Hydroxyapatite Deposition Disease


Hydroxyapatite deposition disease (HADD) is an extremely common disorder causing periarticular disease in the form of tendinitis or bursitis. Only rarely does it cause true articular disease. Calcium hydroxyapatite deposits in muscles, capsules, bursae, and tendon sheaths. Although this deposition is associated with many systemic diseases, such as collagen vascular diseases, renal osteodystrophy, hypervitaminosis D, and milk-alkali syndrome, in many patients it occurs idiopathically with no underlying systemic problem. The radiographic findings are as follows:

  • 1.

    Periarticular calcification

    • A.

      Early deposition is linear and poorly defined, often blending with the soft tissues

    • B.

      With time this calcification becomes denser, homogeneous, well delineated, and circular

  • 2.

    Soft tissue swelling

  • 3.

    Normal adjacent joint and bone

  • 4.

    Occasional joint effusion

  • 5.

    Occasional osteoporosis, occasional reactive sclerosis, uncommon erosion or scalloping of adjacent bone

  • 6.

    Single joint distribution; occasionally multiple joints may be involved either at the same time (33 percent of patients) or successively (67 percent of patients)

  • 7.

    Distribution in shoulder, hip, wrist, elbow, and neck, in decreasing order of frequency

Shoulder

The shoulder is the most common site of calcific tendinitis or bursitis.

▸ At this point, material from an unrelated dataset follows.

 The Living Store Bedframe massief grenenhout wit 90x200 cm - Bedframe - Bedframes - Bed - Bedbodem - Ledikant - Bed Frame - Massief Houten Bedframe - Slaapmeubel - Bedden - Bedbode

Calcium hydroxyapatite is said to be observed in 40 percent of the shoulders radiographed for shoulder pain. It usually locates first in a tendon. The actual tendon location can be identified by changes in rotation of the humerus on the radiograph ( Fig. 18-1 ). Fifty-two percent of the calcific tendinitis occurs in the supraspinatus tendon, which can be seen in profile over the greater tuberosity on external rotation. Internal rotation of the humerus profiles the posterior aspect of the head on at the lateral aspect of the radiograph and the anterior head medially. Calcification in the infraspinatus tendon profiles posteriorly on internal rotation. Calcification of the teres minor also profiles posteriorly on internal rotation, but it is inferior to the infraspinatus calcification. Calcification in the subscapularis profiles anteriorly on internal rotation. Calcification of the long head of the biceps is seen on the superior aspect of the glenoid; that of the short head of the biceps is seen on the tip of the coracoid. Rotation does not change the location of calcification in the biceps.

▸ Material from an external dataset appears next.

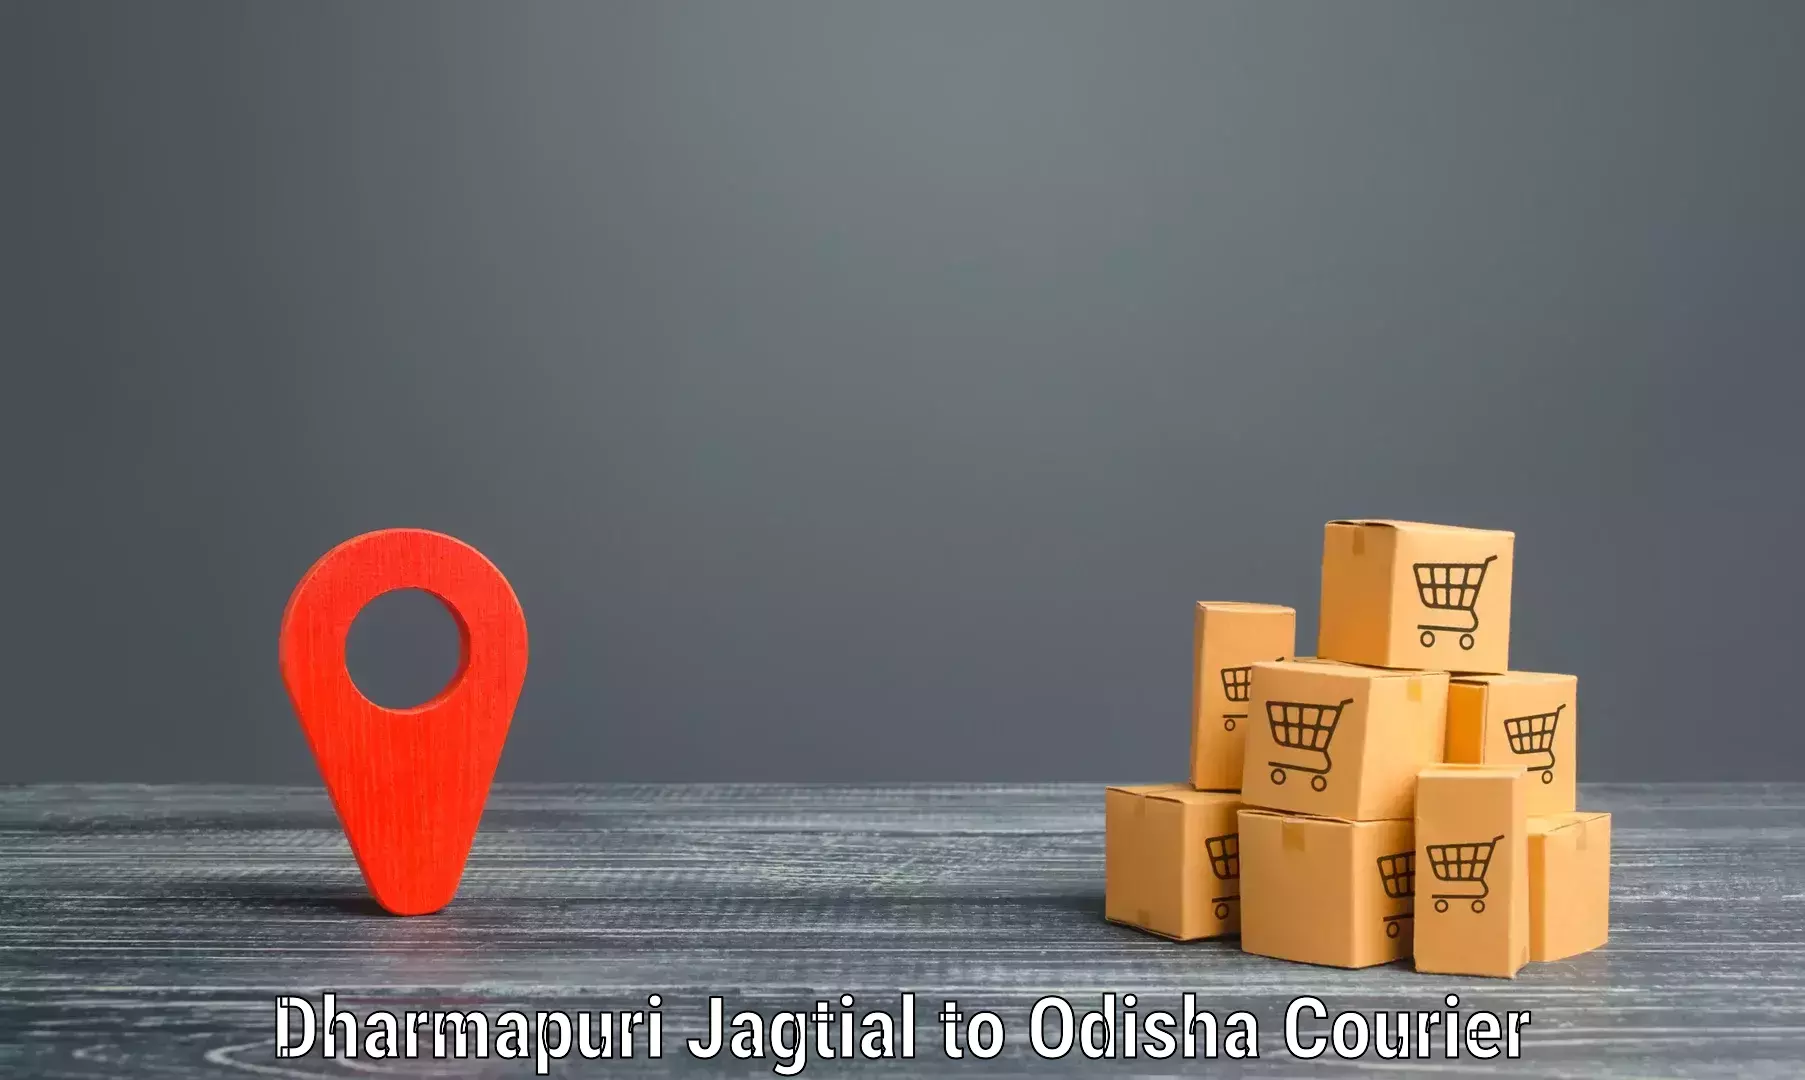 Express delivery capabilities Dharmapuri Jagtial to Khordha

Figure 18-1, Locations of hydroxyapatite deposits in specific tendons as observed on anteroposterior (AP) view of the shoulder in ( A ) external rotation and ( B ) internal rotation.

Calcification in the rotator cuff area may eventually rupture into the bursa ( Fig. 18-2 ). In some patients this has led to a secondary severe destructive arthropathy. The result of this particular sequence of events has been labeled the “Milwaukee shoulder” ( Fig. 18-3 ).

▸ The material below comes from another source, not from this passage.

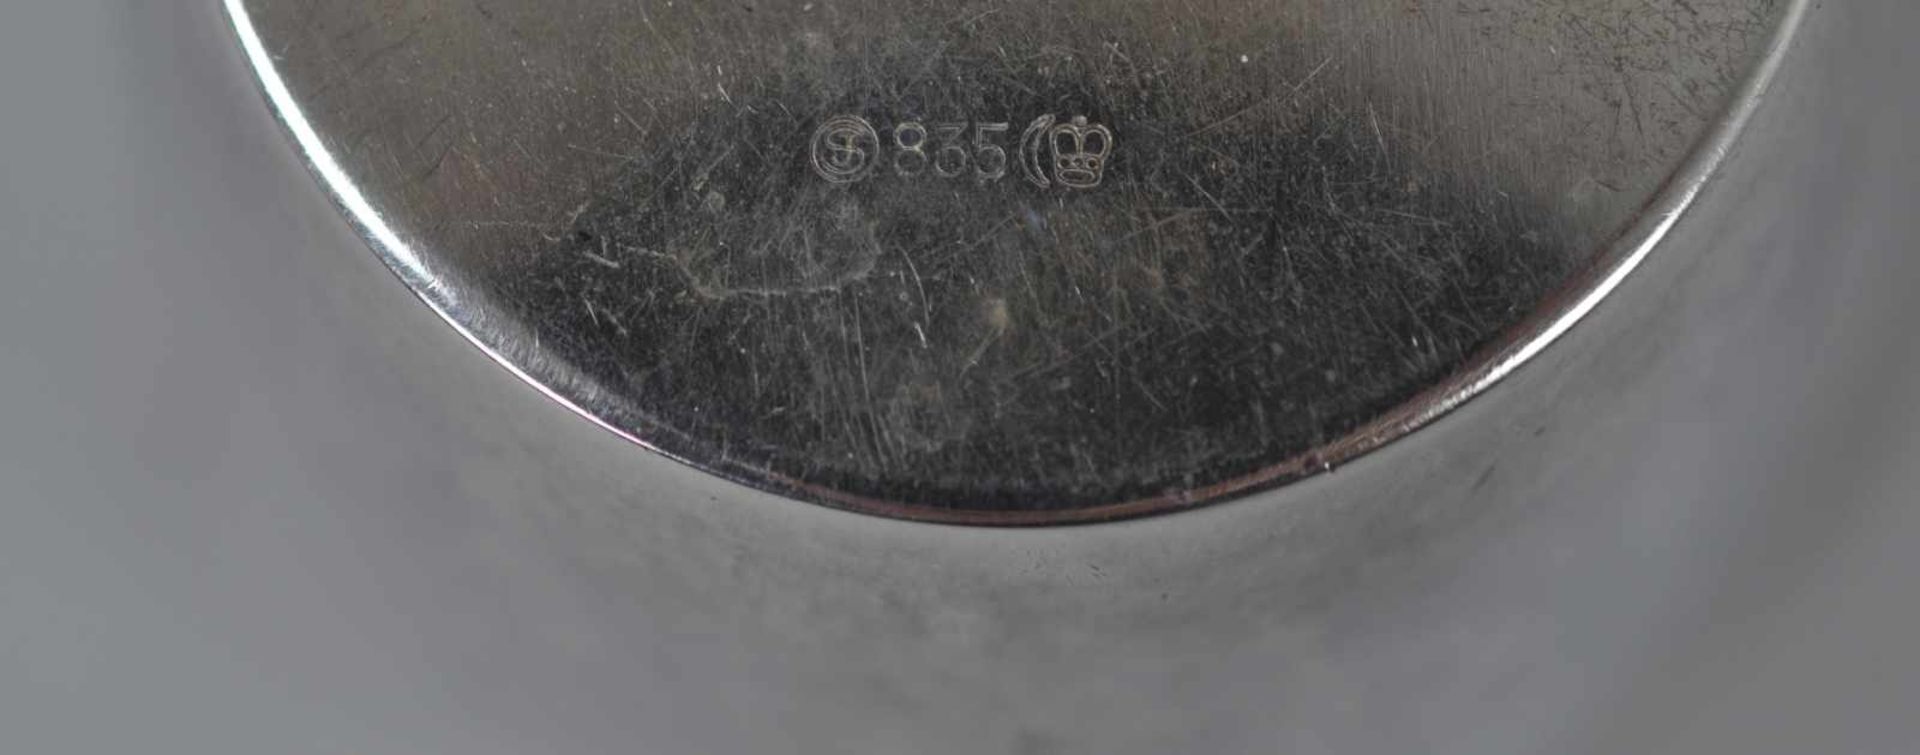 6 BECHER gemarkt Kern u. "JS", Silber 835, H 9cm, 564gr - Image 2 of 2

Figure 18-2, AP view of the shoulder showing a large amorphous calcific deposit in the supraspinatus. The lateral aspect of the concretion is less distinct ( arrows ) indicating extension into the subacromial-subdeltoid bursa. The humeral head is inferiorly subluxed because of deltoid atony associated with acute bursal disease.

Figure 18-3, Patient with “Milwaukee shoulder.” A, AP view of the shoulder shows destruction of the superomedial aspect of the humeral head and osteophyte formation in the glenohumeral joint. Faint calcification is visible in the periphery of the distended subacromial-subdeltoid bursa ( arrow ) and axillary recess ( arrowhead ). B, Axial computed tomography (CT) shows flattened appearance of the humeral articular surface and calcification at the periphery of the distended bursa and joint ( arrows ).